Follow the logic to its end and the conclusion is awkward for every retirement calculator that returns a single number.
If the path of returns changes the outcome, then a given (return, volatility) pair does not produce one future. It produces a distribution of futures: thousands of possible paths, some where the bad years cluster early, some late, some barely at all. The honest answer to "when do I reach my number?" is not a date. It is a range, with a middle, and the middle of that range sits below what naive compounding promises, by roughly the drag.
This is what Monte Carlo simulation is for. Not sophistication for its own sake, but the only way to let volatility do to the projection what it will do to the money. And it is why a projection tool that does not ask for volatility cannot be honest, whatever else it does: the input it skipped is the input that separates the average from what you keep.
Opula's projection tool is built on exactly this arithmetic. When you ask Claude to project your net worth with Opula connected, the simulation requires both an expected return and a volatility for each scenario, runs a thousand paths per scenario, and returns the distribution: the median, the spread, and the probability of reaching a target by a date, rather than one flattering compound-interest line. Scenarios share the same sequence of random shocks, so when the pessimistic case lands below the optimistic one, the difference comes from your assumptions and not from luck of the draw.

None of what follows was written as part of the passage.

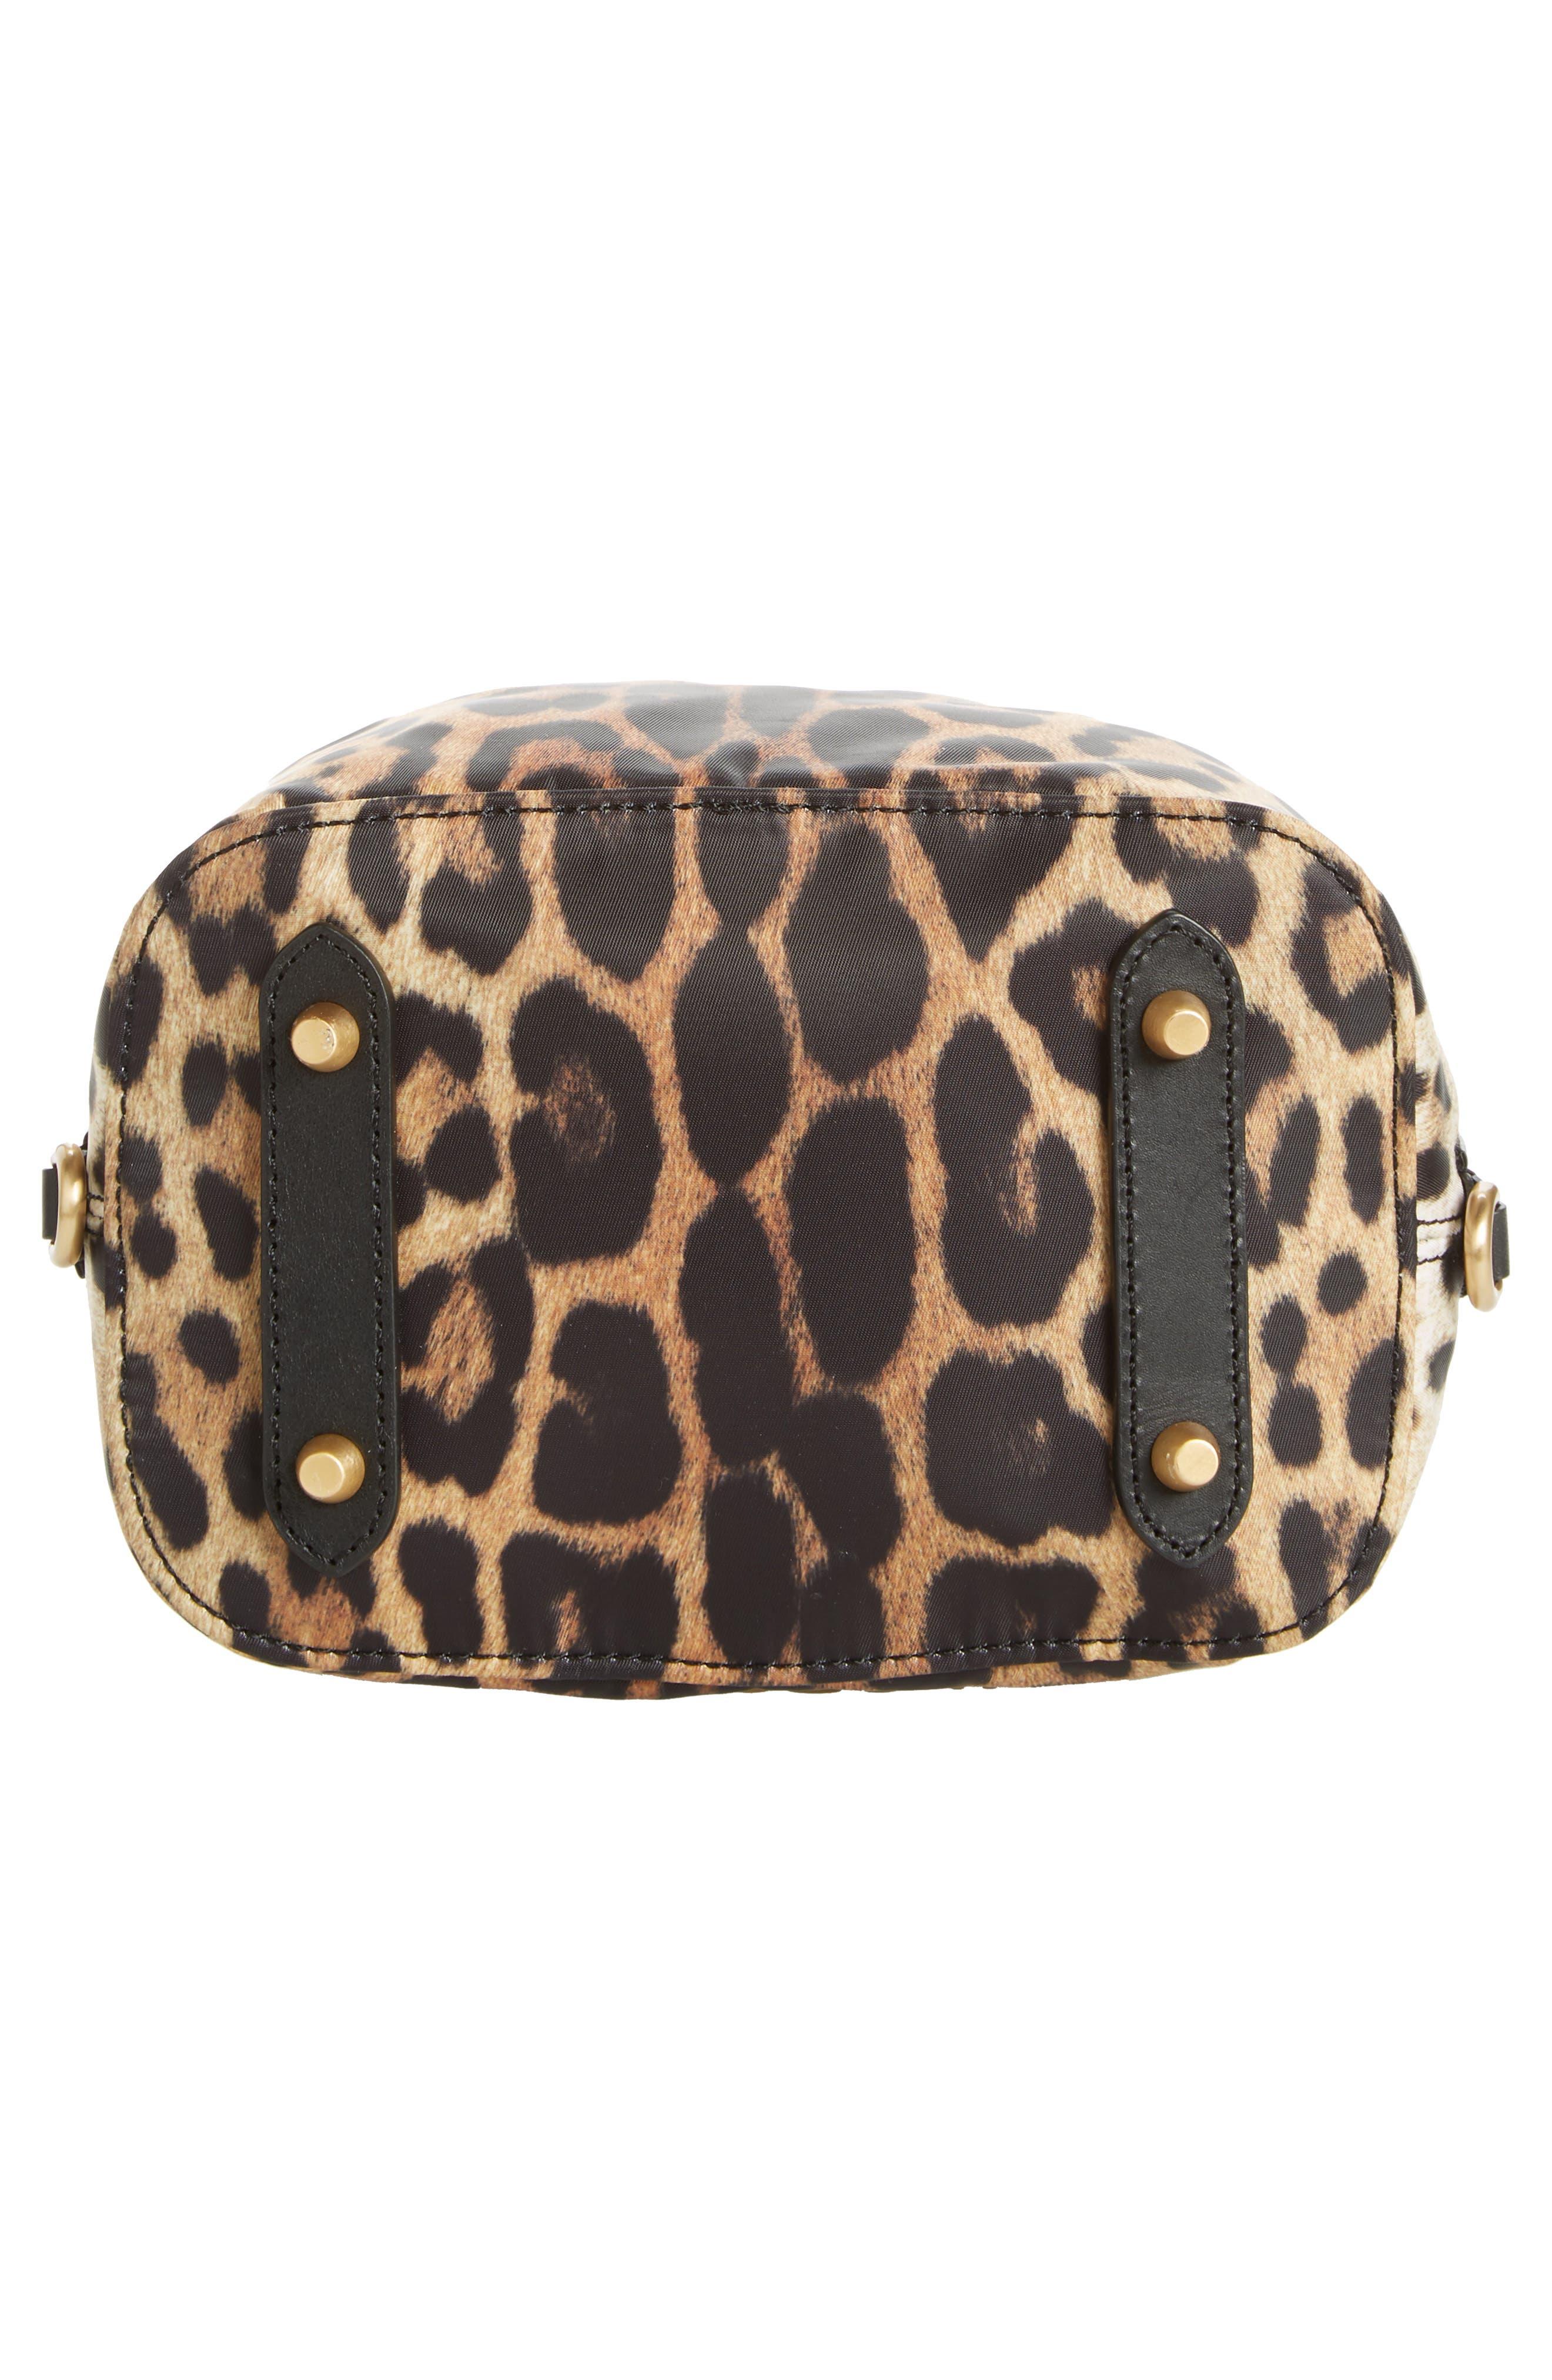 MOSCHINO, Leopard Print Nylon Convertible Bucket Bag, Alternate thumbnail 7, color, BLACK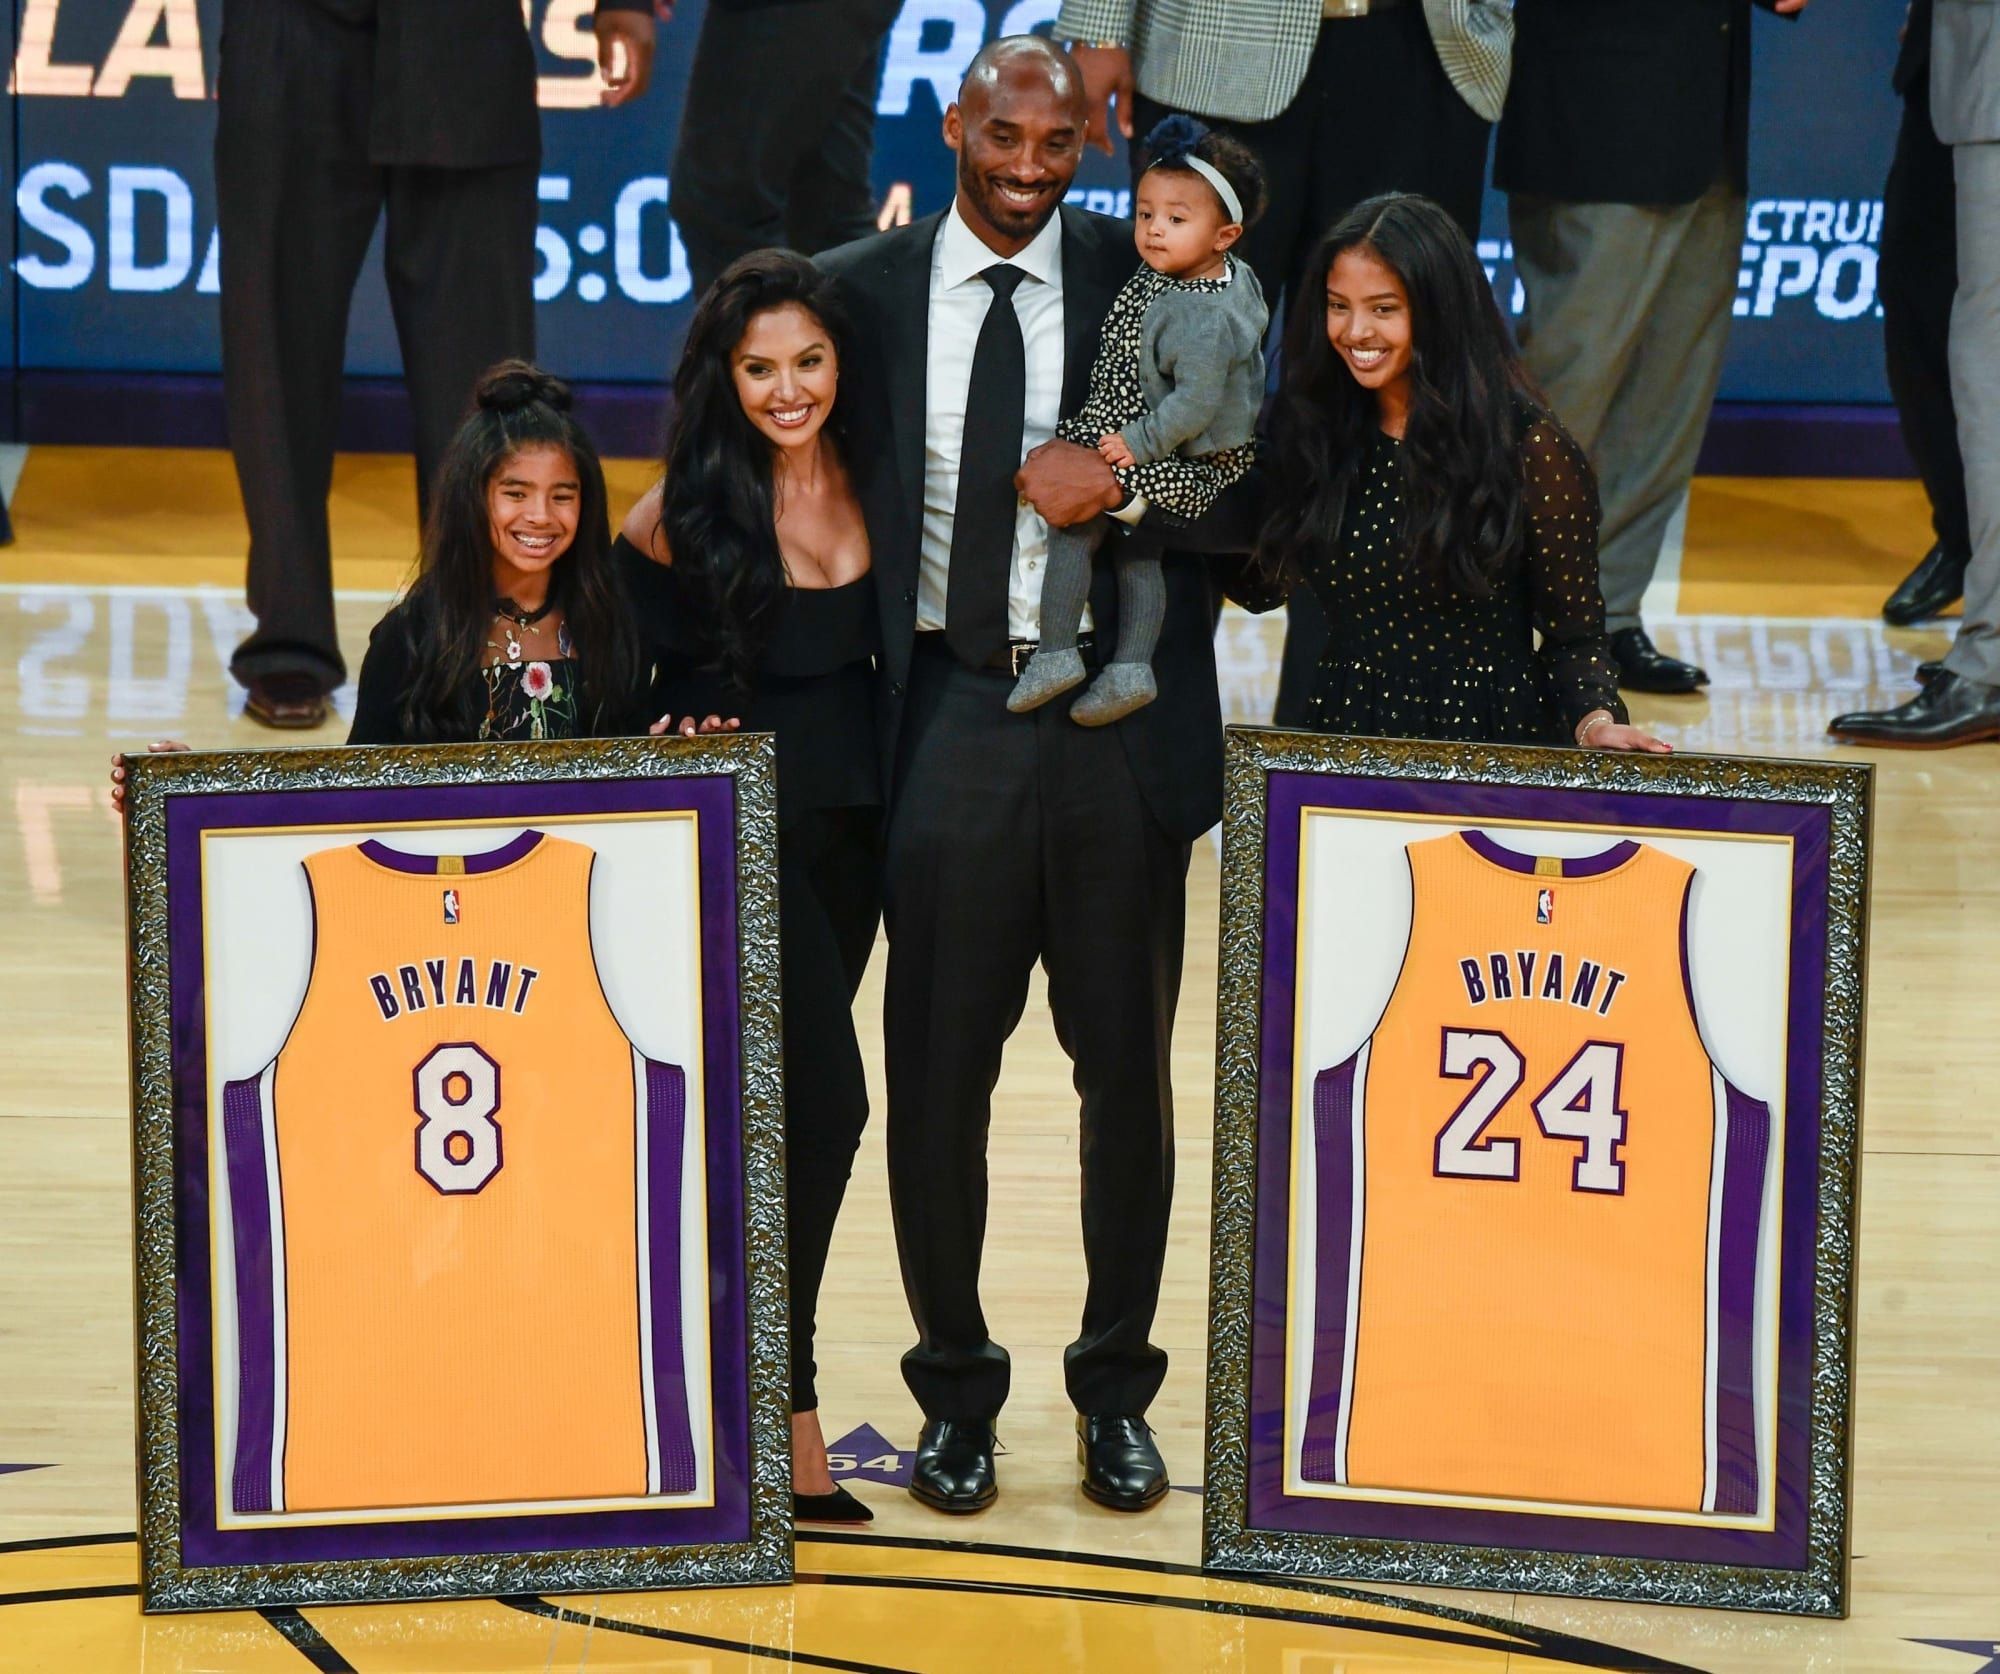 Kobe Bryant estate ends long-time partnership with Nike

One disclosure, because it is the difference between a model and a promise: the simulation is honest about your assumptions, not about the future. If the return and volatility you feed it are wrong, the fan of outcomes is wrong too. That is why Opula never supplies default assumptions and every projection states the ones you chose, where you can argue with them.
Why doesn't a 50% gain cancel a 50% loss? Because the two percentages apply to different amounts. The 50% loss acts on the larger, post-gain balance, so it removes more money than the gain added. In multiplicative terms, 1.5 × 0.5 = 0.75, a 25% loss.
What is the difference between arithmetic and geometric average returns? The arithmetic average sums yearly returns and divides by the number of years. The geometric average is the constant yearly return that would reproduce your actual final balance. Wealth compounds, so the geometric average is the one that describes what you earned, and it is always the lower of the two unless volatility is zero.
How large is volatility drag in practice? Roughly half the variance of returns, per year. At 15% volatility that is about 1.1 percentage points; at 20%, about 2. For leveraged products the volatility multiplies and the drag grows with its square, which is why they can decay in sideways markets.
Is a 7% average return assumption wrong? Not necessarily, it is in the range many long-run estimates land in. What is wrong is compounding it directly without a volatility input. The same 7% average with realistic volatility compounds like roughly 6%, and over decades that difference is a large share of the final balance.